Monrovia Neighborhood Receives Fitting Recognition
By Susan Motander
Last summer, the area around the corner of Los Angeles and Sherman Avenues in Monrovia was designated as a Neighborhood of the Year 2011 by Neighborhood USA. This is a distinct honor as only four such neighborhoods were so recognized by NUSA. Ten signs designating that distinction were finally erected this week and were unveiled at a brief ceremony last Tuesday.
Monrovia Mayor Mary Ann Lutz (with the assistance of the Council’s Tallest Member, Tom Adams) unveiled one of ten signs which acknowledge the neighborhood’s distinction. She praised the efforts of the community to turn itself around.
The designation as a Neighborhood of the Year coming to Monrovia is especially exciting as the other such distinctions went to much larger cities, Long Beach, California and Fort Worth, Texas. “This is a little
like the mouse who roared,” said Monrovia’s Dan McConnell.
McConnell, who oversees the Monrovia Area Partnership Program for the city also spoke at the unveiling. He called out the names of the individuals who had worked to change the neighborhood praising the clean up programs and community events they had planned. He also noted that many of them had gone through the city’s leadership academy and that one such academy graduate, Larry Spicer, now sat on the City Council.
It is important to remember what this neighborhood had been only a few years ago. Gangs terrorized the residents. Drive-by shoots were not uncommon and a murder had been committed there.
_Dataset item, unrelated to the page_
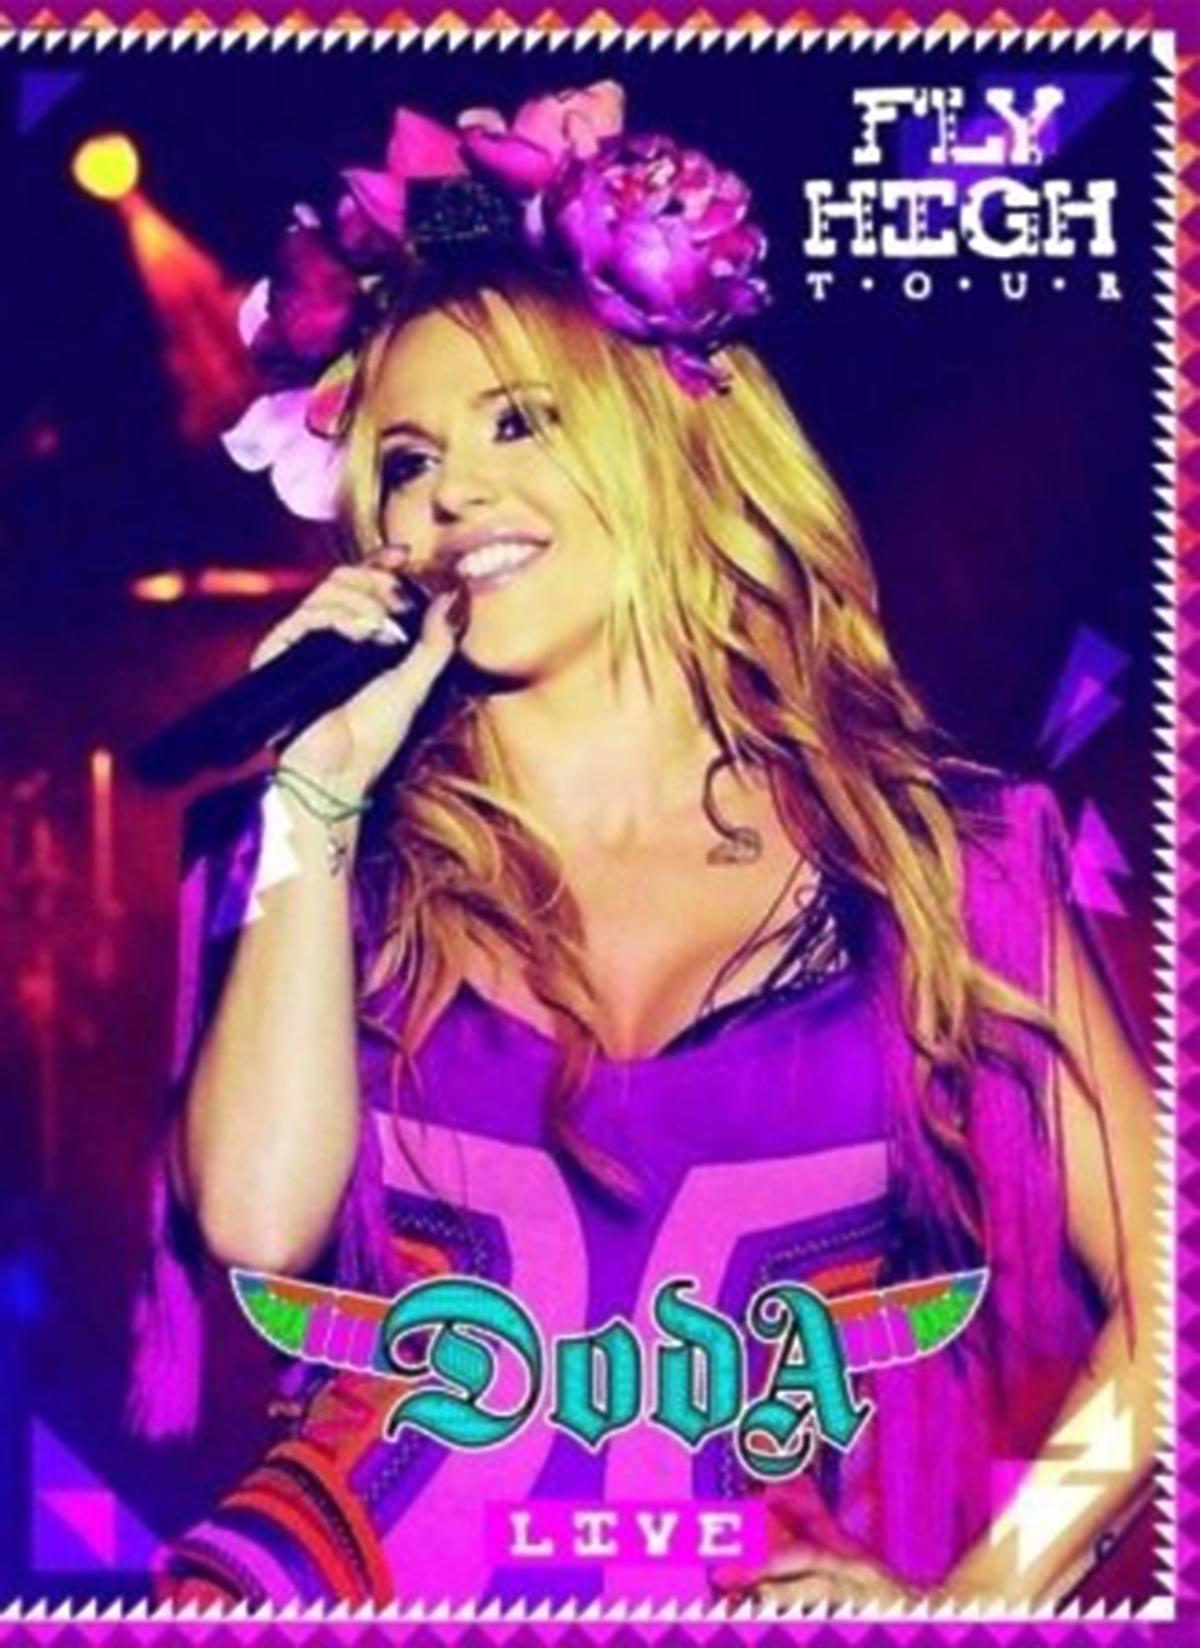 Doda Fly High Tour DVD. Okładka DVD Dody. Doda Fly High Tour DVD okładka

“Last summer this community held a neighborhood potluck and movie night at the corner of Los Angeles and Sherman,” McConnell said. “I stood out there at ten o’clock at night with the residents that evening and was struck by the fact that just a few years before they would have been afraid to be outside their homes at that time of night.
“The residents turned that neighborhood around,” he said.